Dataset Block Start
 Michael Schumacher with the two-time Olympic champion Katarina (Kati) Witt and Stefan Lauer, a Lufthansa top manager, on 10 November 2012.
Dataset Block End
Dataset Block Start
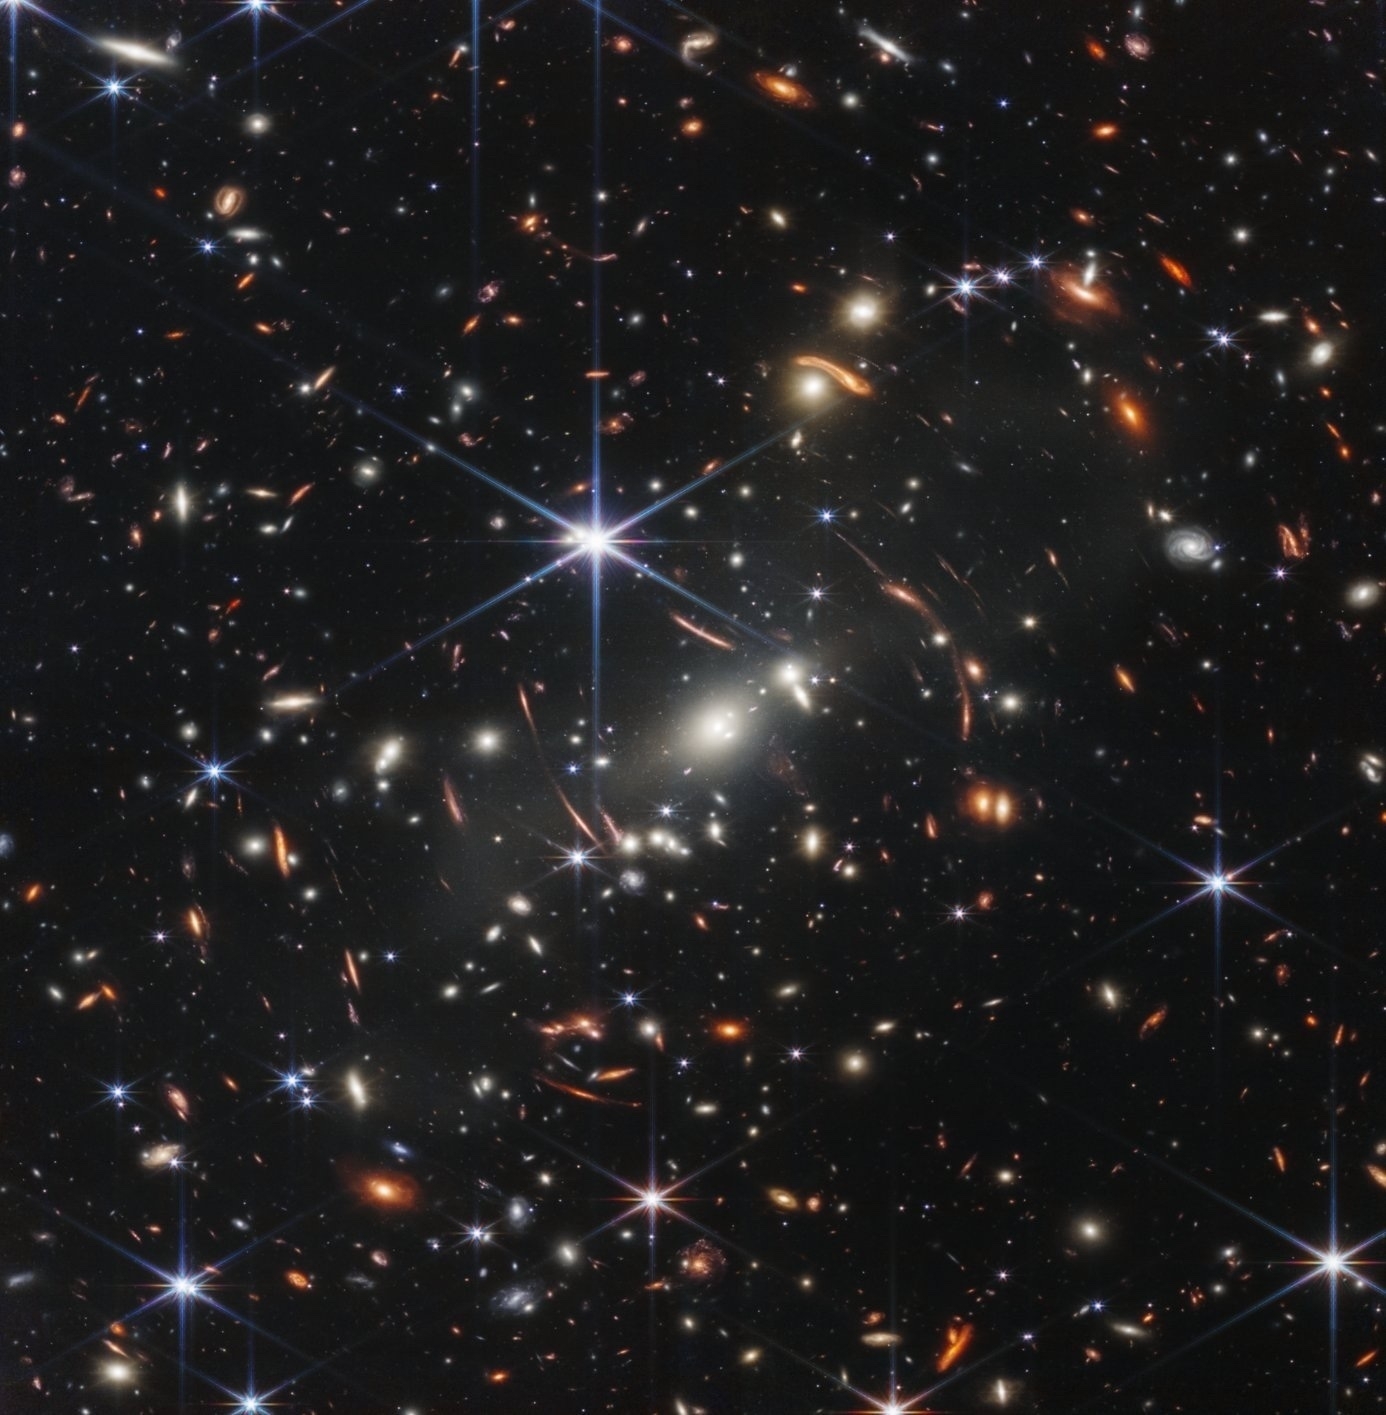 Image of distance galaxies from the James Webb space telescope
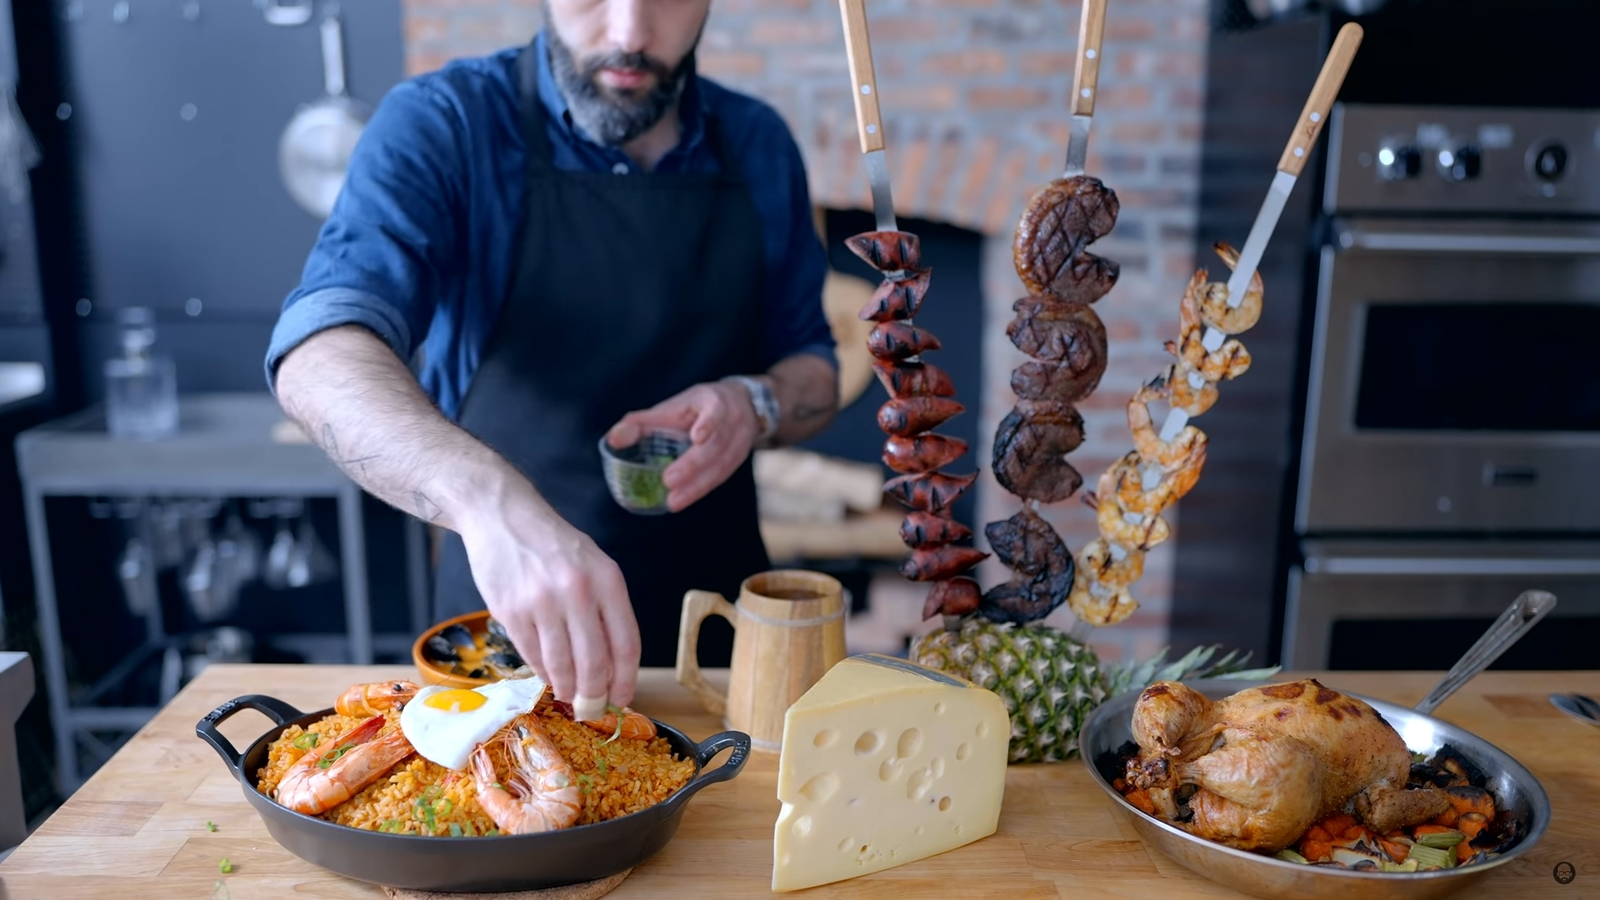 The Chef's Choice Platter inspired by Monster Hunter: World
Dataset Block End
*Directions*
Using the records above, print exactly the run of lines that starts with the line with "Image of distance" and goes on through the line with "The Chef's Choice", pictures excluded.

*Task response*
 Image of distance galaxies from the James Webb space telescope
 The Chef's Choice Platter inspired by Monster Hunter: World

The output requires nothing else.